Paul Fulcrand Delacour de Labillière was the second Bishop of Knaresborough from 1934 to 1937; and, subsequently, Dean of Westminster.

Career

Born on 22 January 1879 into a legal family he was educated at Harrow and Merton College, Oxford.
After ordination in 1903 he served a s a curate in Liverpool and Plymouth before his appointment as Chaplain to the Bishop of Durham and then missionary work in South Africa. In South Africa he met and married Ester Morkel, they had a son and a daughter.
He was successively Clerical Superintendent of the Liverpool Scripture Readers, Chaplain of Wadham College, Oxford, Lecturer at Wycliffe Hall, Oxford and Vicar of Christ Church, High Harrogate before a 4-year stint as Suffragan Bishop of Knaresborough and Archdeacon of Leeds.
A quiet but effective priest, his final professional appointment was as Dean of Westminster.
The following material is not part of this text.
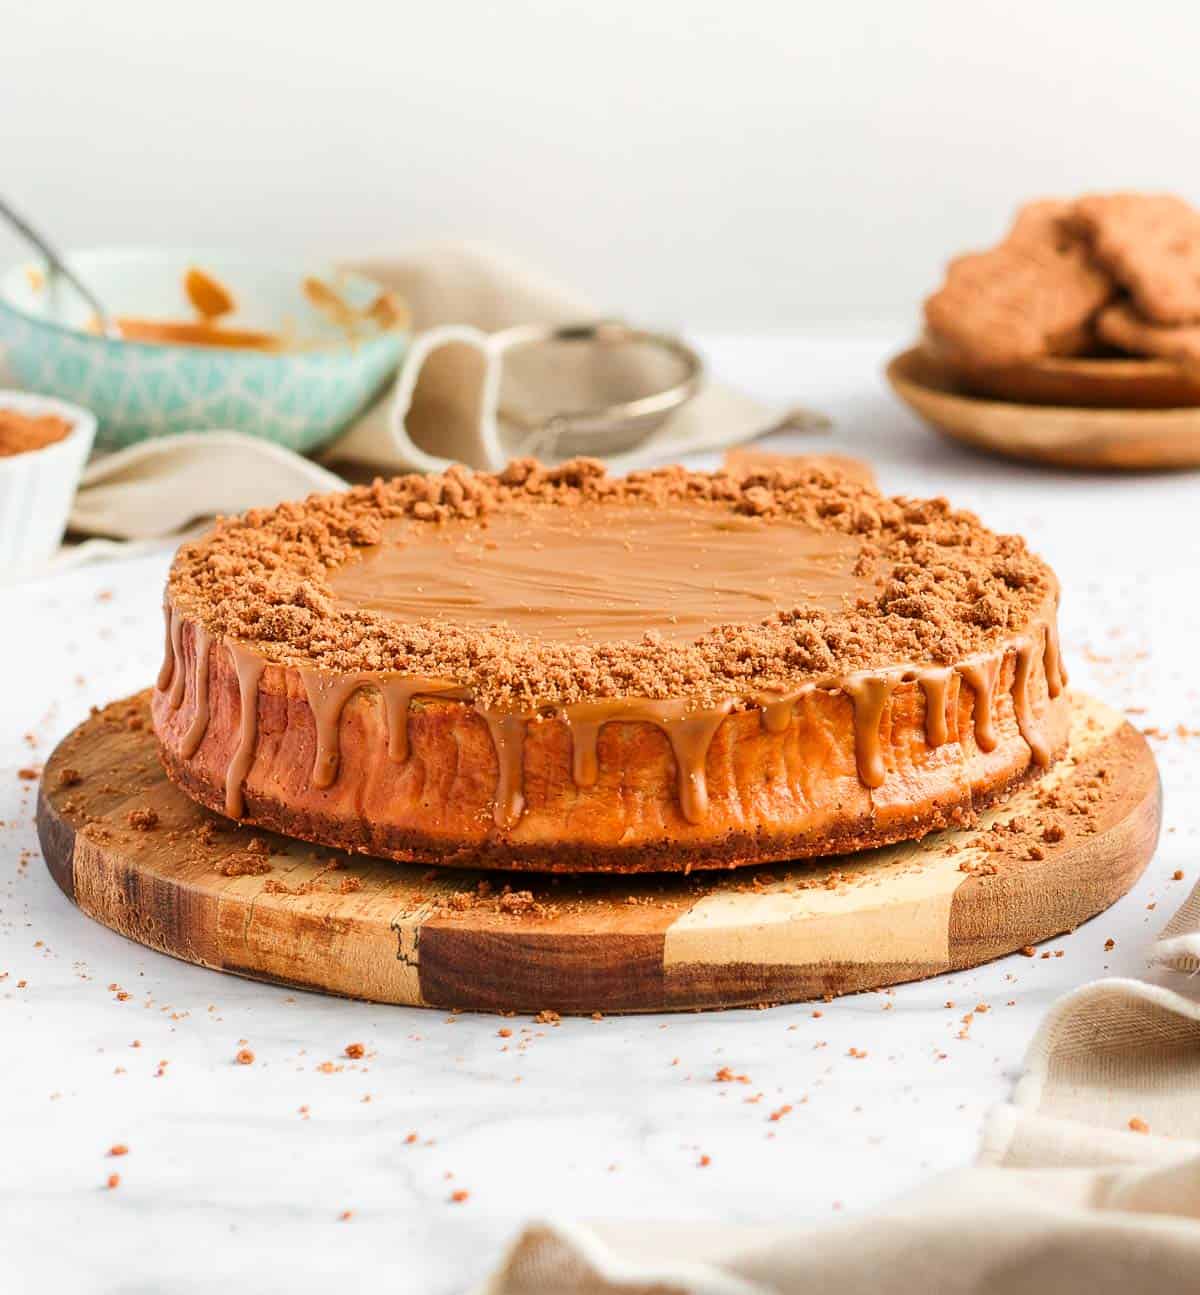 Biscoff Cheesecake on a round wooden board surrounded by speculoos cookies and a bowl with biscoff spread.

He is remembered for a last minute change in the Abbey's Armistice Day service in 1938 after Kristallnacht when he included a prayer for the Jewish people 'in their trouble.'
The Deanery was destroyed in the 1941 Blitz and it is said the King and Queen offered him alternative accommodation at Buckingham Palace but he found a new place to live close to the Abbey.
Dean de Labillière died of a brain haemorrhage on 28 April 1946.